Under cgroups v1, each controller may be mounted against a separate cgroup filesystem that provides its own hierarchical organization of the processes on the system. It is also possible to comount multiple (or even all) cgroups v1 controllers against the same cgroup filesystem, meaning that the comounted controllers manage the same hierarchical organization of processes.

For each mounted hierarchy, the directory tree mirrors the control group hierarchy. Each control group is represented by a directory, with each of its child control cgroups represented as a child directory. For instance, /user/joe/1.session represents control group 1.session, which is a child of cgroup joe, which is a child of /user. Under each cgroup directory is a set of files which can be read or written to, reflecting resource limits and a few general cgroup properties.

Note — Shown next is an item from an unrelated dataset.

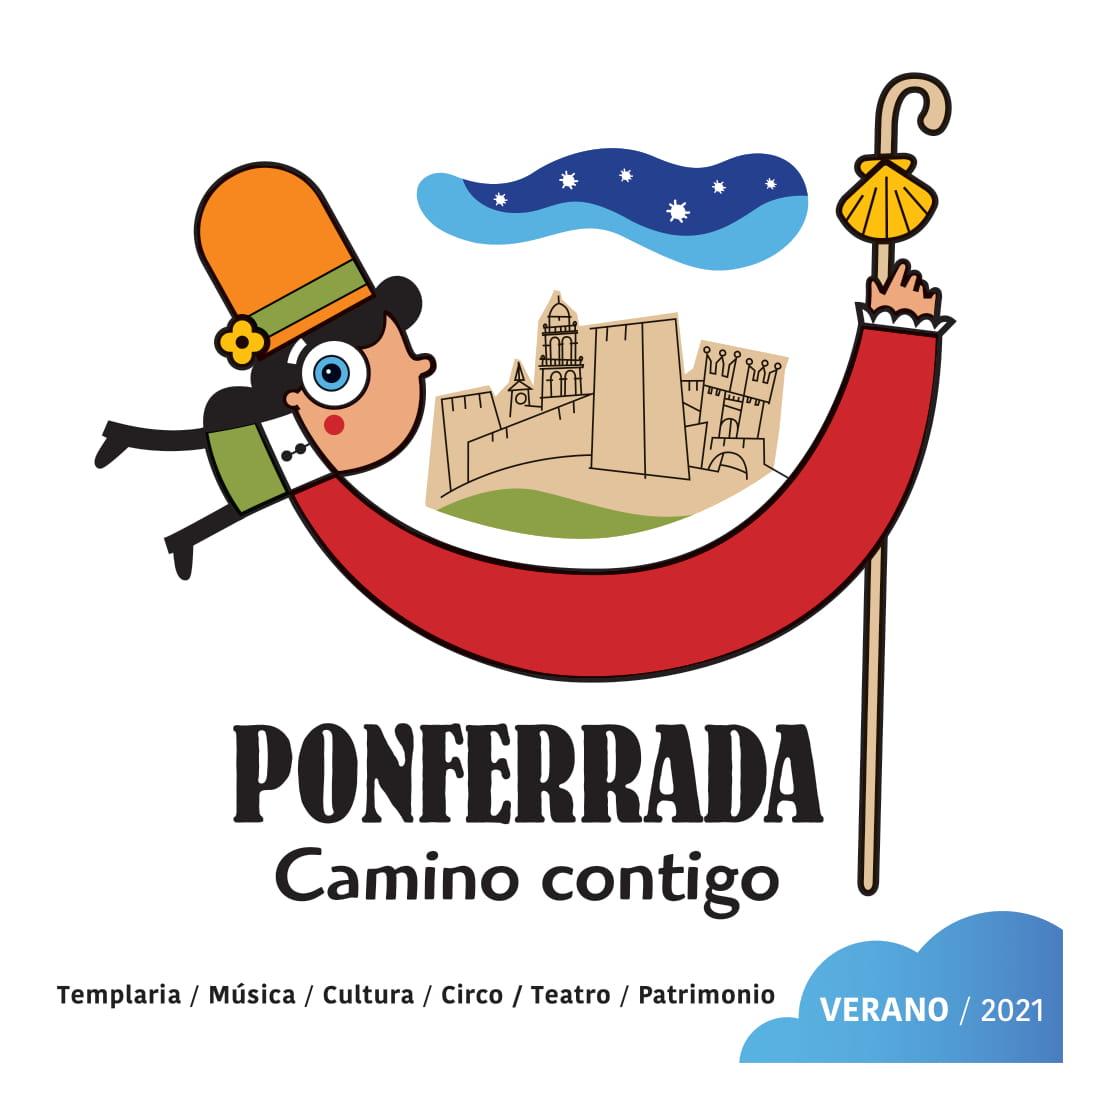 Ponferrada será... música, cultura, monumentos, turismo y más durante el verano de 2021 1

Tasks (threads) versus processes In cgroups v1, a distinction is drawn between processes and tasks. In this view, a process can consist of multiple tasks (more commonly called threads, from a user-space perspective, and called such in the remainder of this man page). In cgroups v1, it is possible to independently manipulate the cgroup memberships of the threads in a process.

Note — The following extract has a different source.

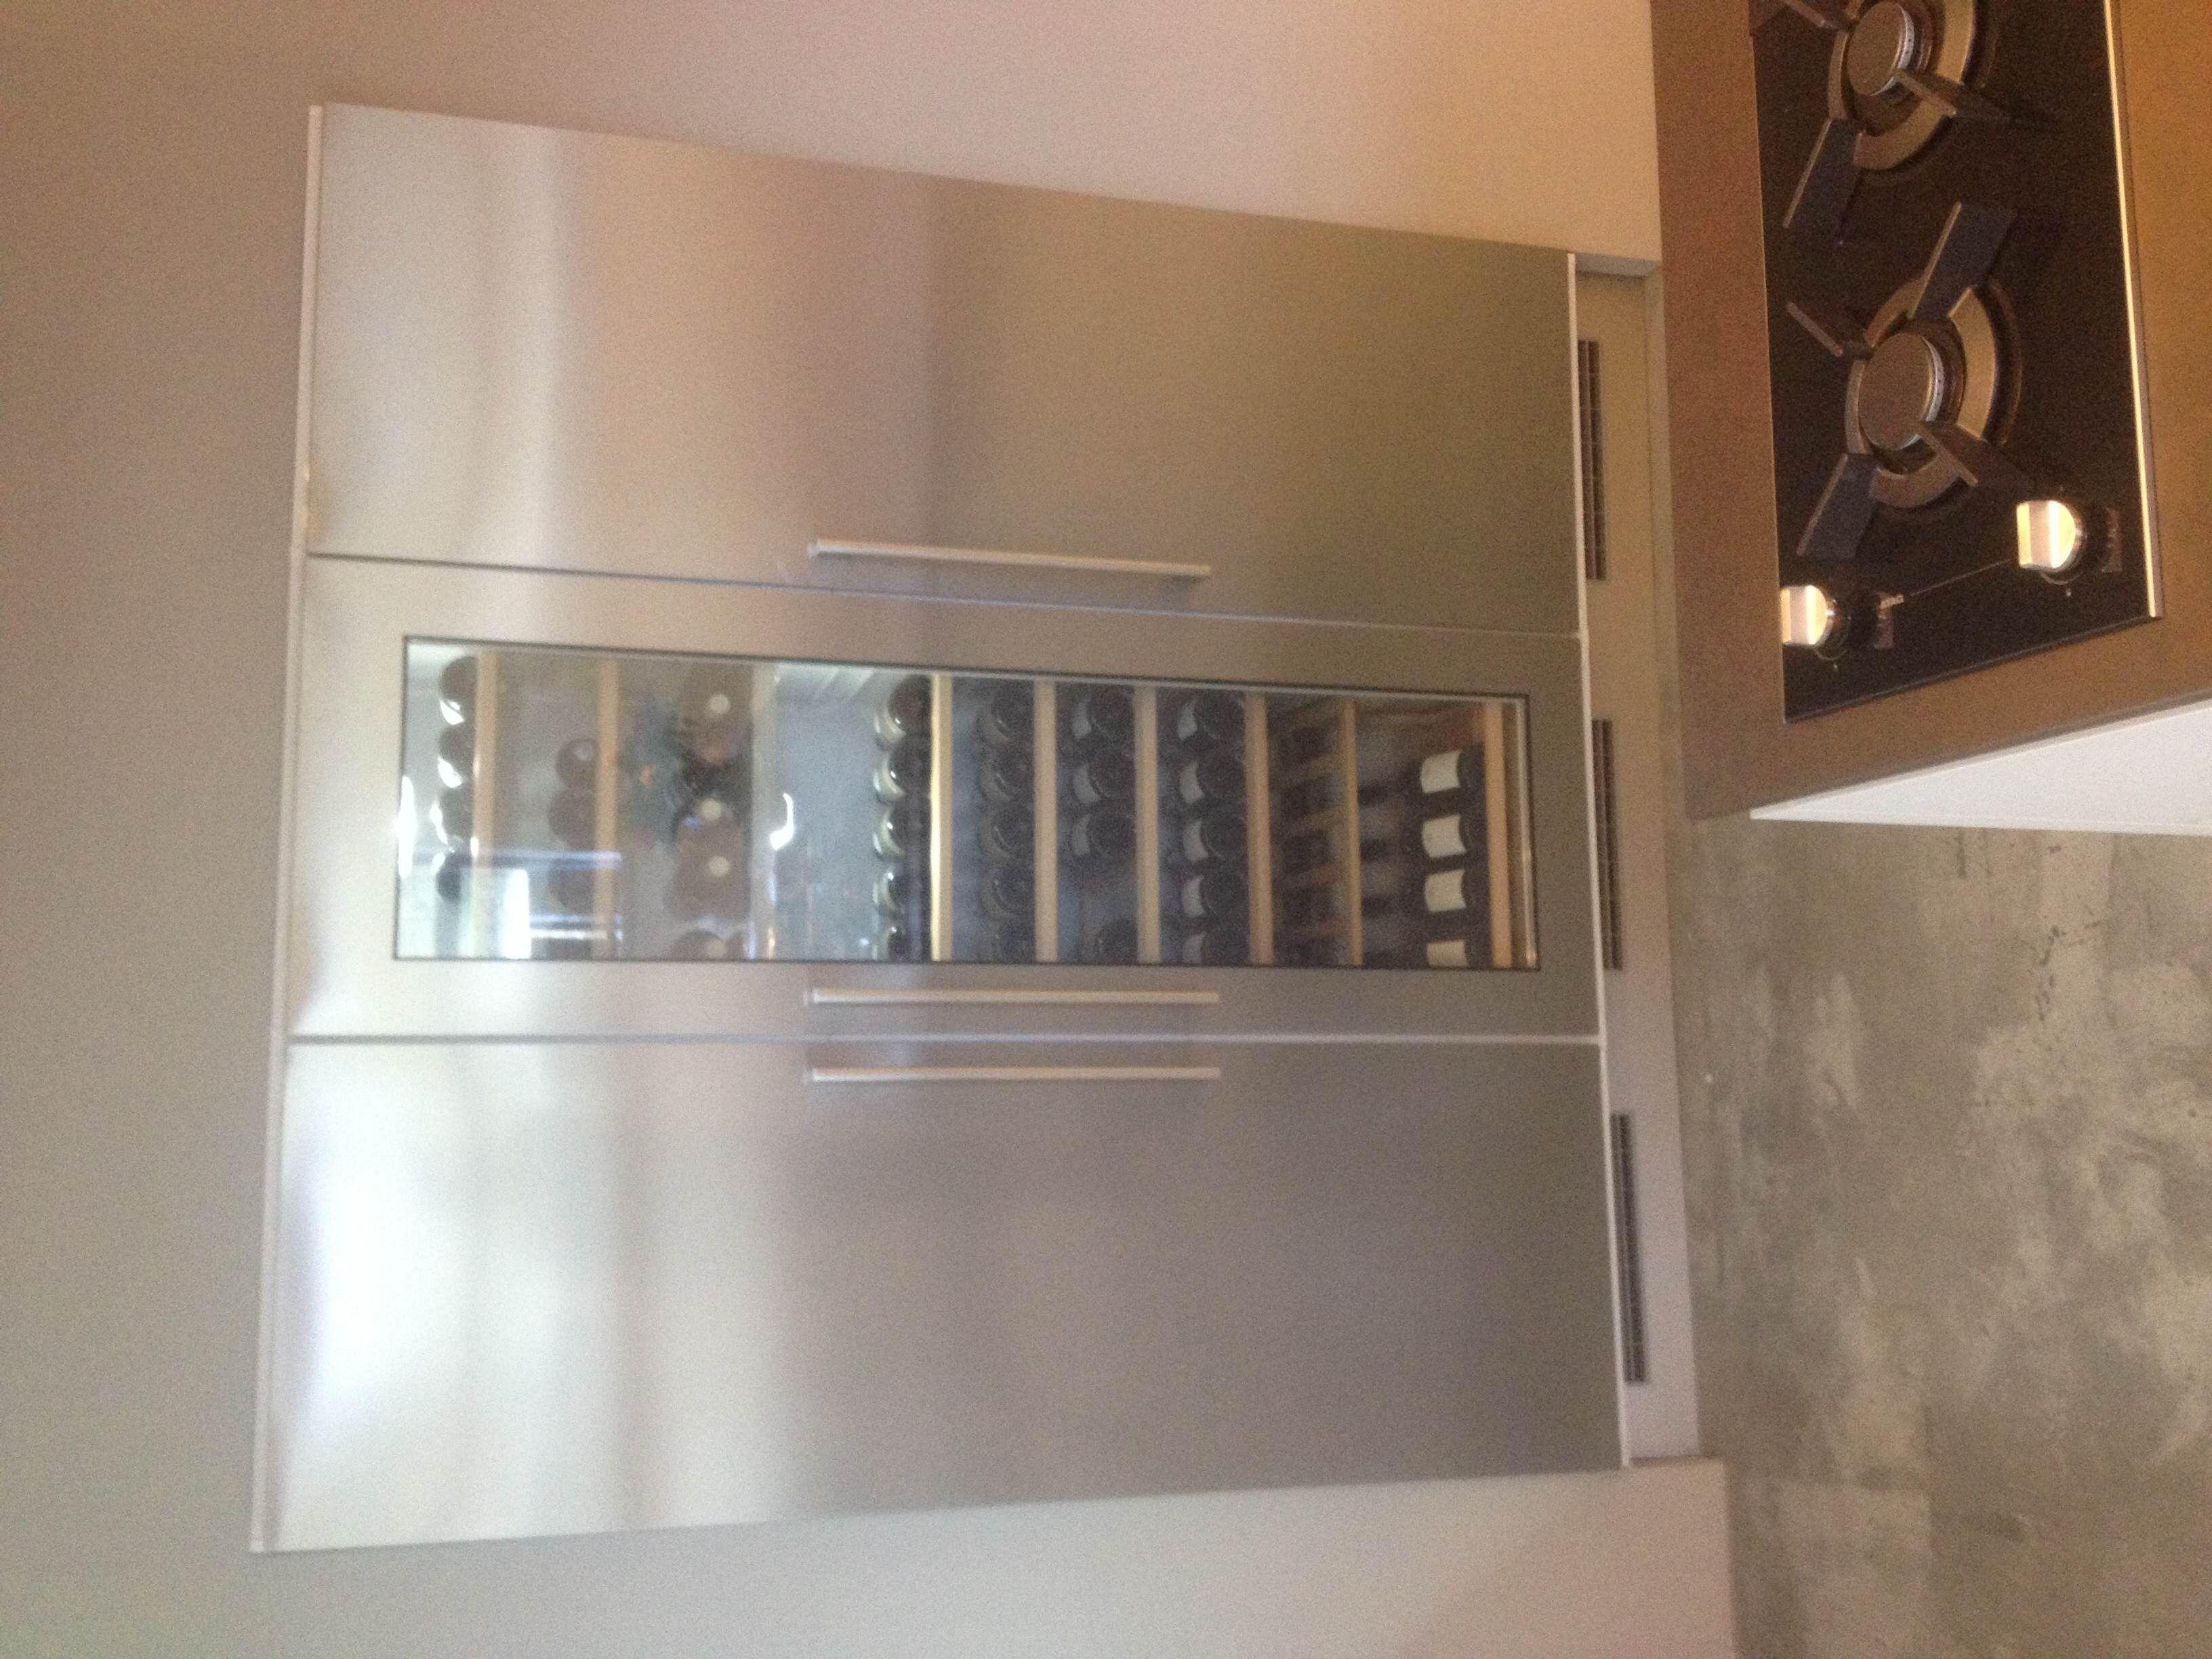 ... lage keuken prijzen : Greeploze keuken met een dekton werkblad [53759

The cgroups v1 ability to split threads across different cgroups caused problems in some cases. For example, it made no sense for the memory controller, since all of the threads of a process share a single address space. Because of these problems, the ability to independently manipulate the cgroup memberships of the threads in a process was removed in the initial cgroups v2 implementation, and subsequently restored in a more limited form (see the discussion of "thread mode" below).

Mounting v1 controllers The use of cgroups requires a kernel built with the CONFIG_CGROUP option. In addition, each of the v1 controllers has an associated configuration option that must be set in order to employ that controller.

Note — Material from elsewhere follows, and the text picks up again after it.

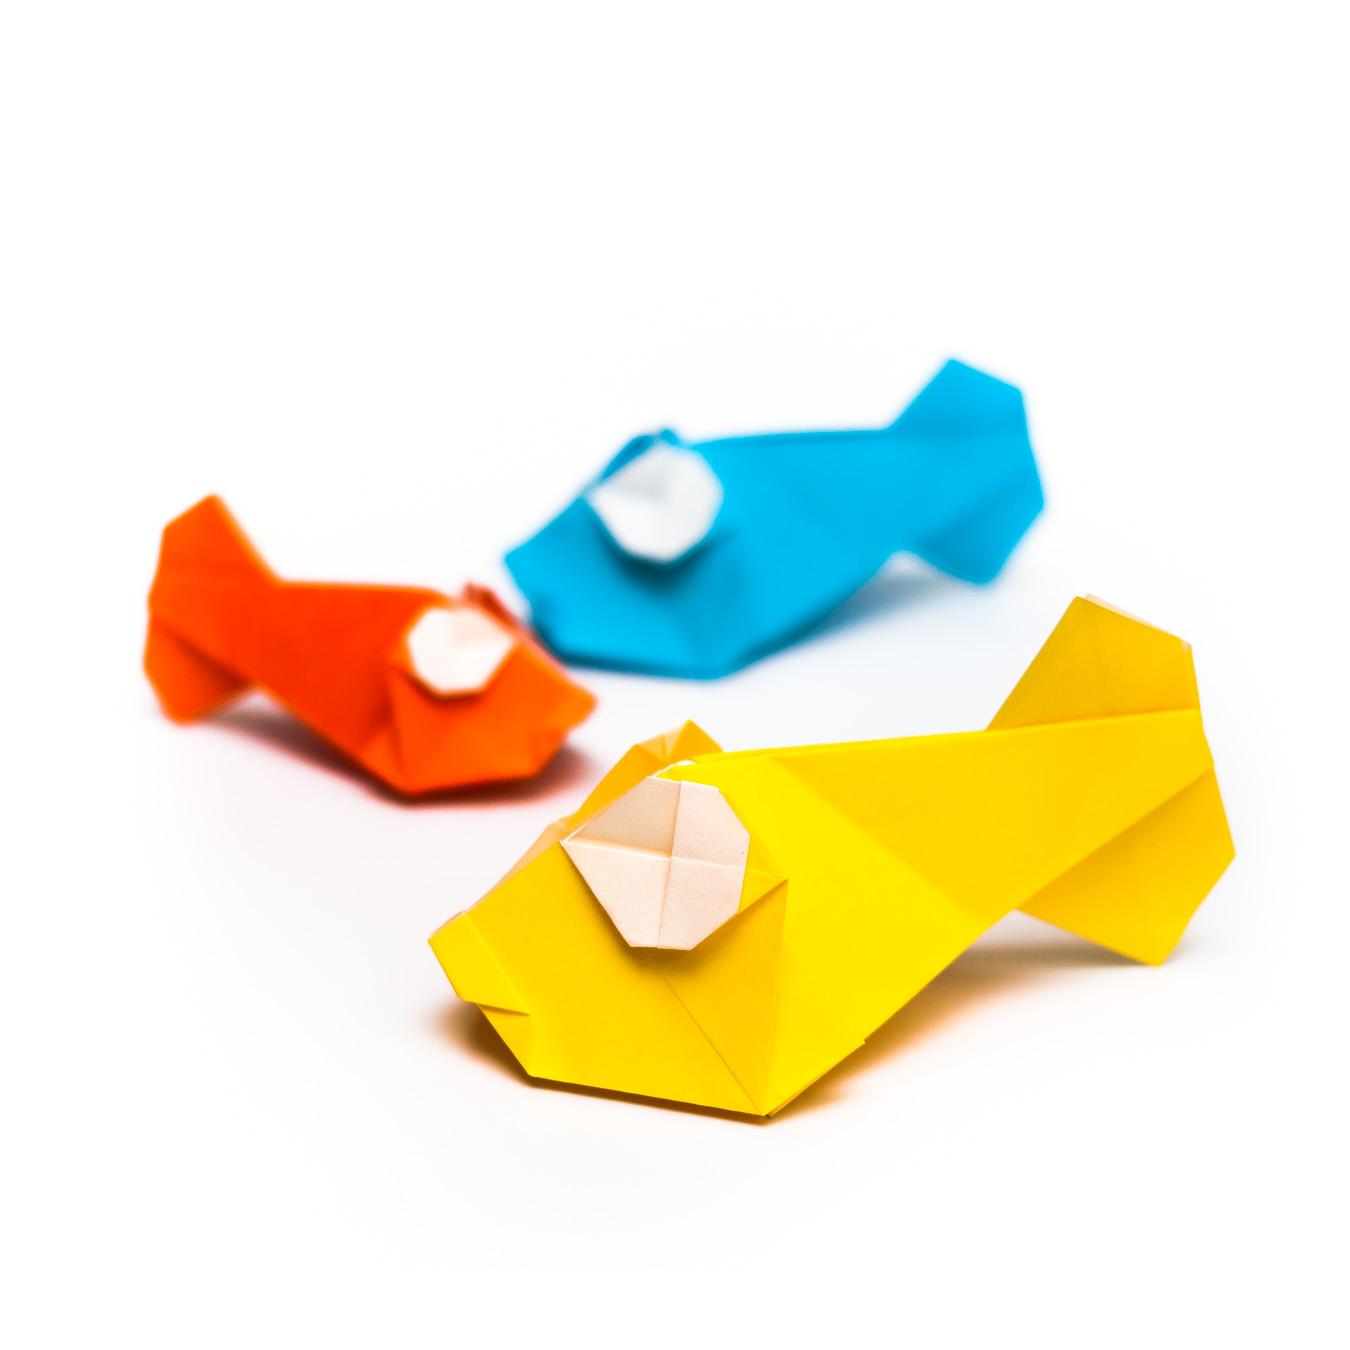 การพับกระดาษเป็นรูปปลาทอง (Origami Goldfish) 030

In order to use a v1 controller, it must be mounted against a cgroup filesystem. The usual place for such mounts is under a tmpfs(5) filesystem mounted at /sys/fs/cgroup. Thus, one might mount the cpu controller as follows:

mount -t cgroup -o cpu none /sys/fs/cgroup/cpu

It is possible to comount multiple controllers against the same hierarchy. For example, here the cpu and cpuacct controllers are comounted against a single hierarchy:

mount -t cgroup -o cpu,cpuacct none /sys/fs/cgroup/cpu,cpuacct

Comounting controllers has the effect that a process is in the same cgroup for all of the comounted controllers. Separately mounting controllers allows a process to be in cgroup /foo1 for one controller while being in /foo2/foo3 for another.

It is possible to comount all v1 controllers against the same hierarchy:

mount -t cgroup -o all cgroup /sys/fs/cgroup

(One can achieve the same result by omitting -o all, since it is the default if no controllers are explicitly specified.)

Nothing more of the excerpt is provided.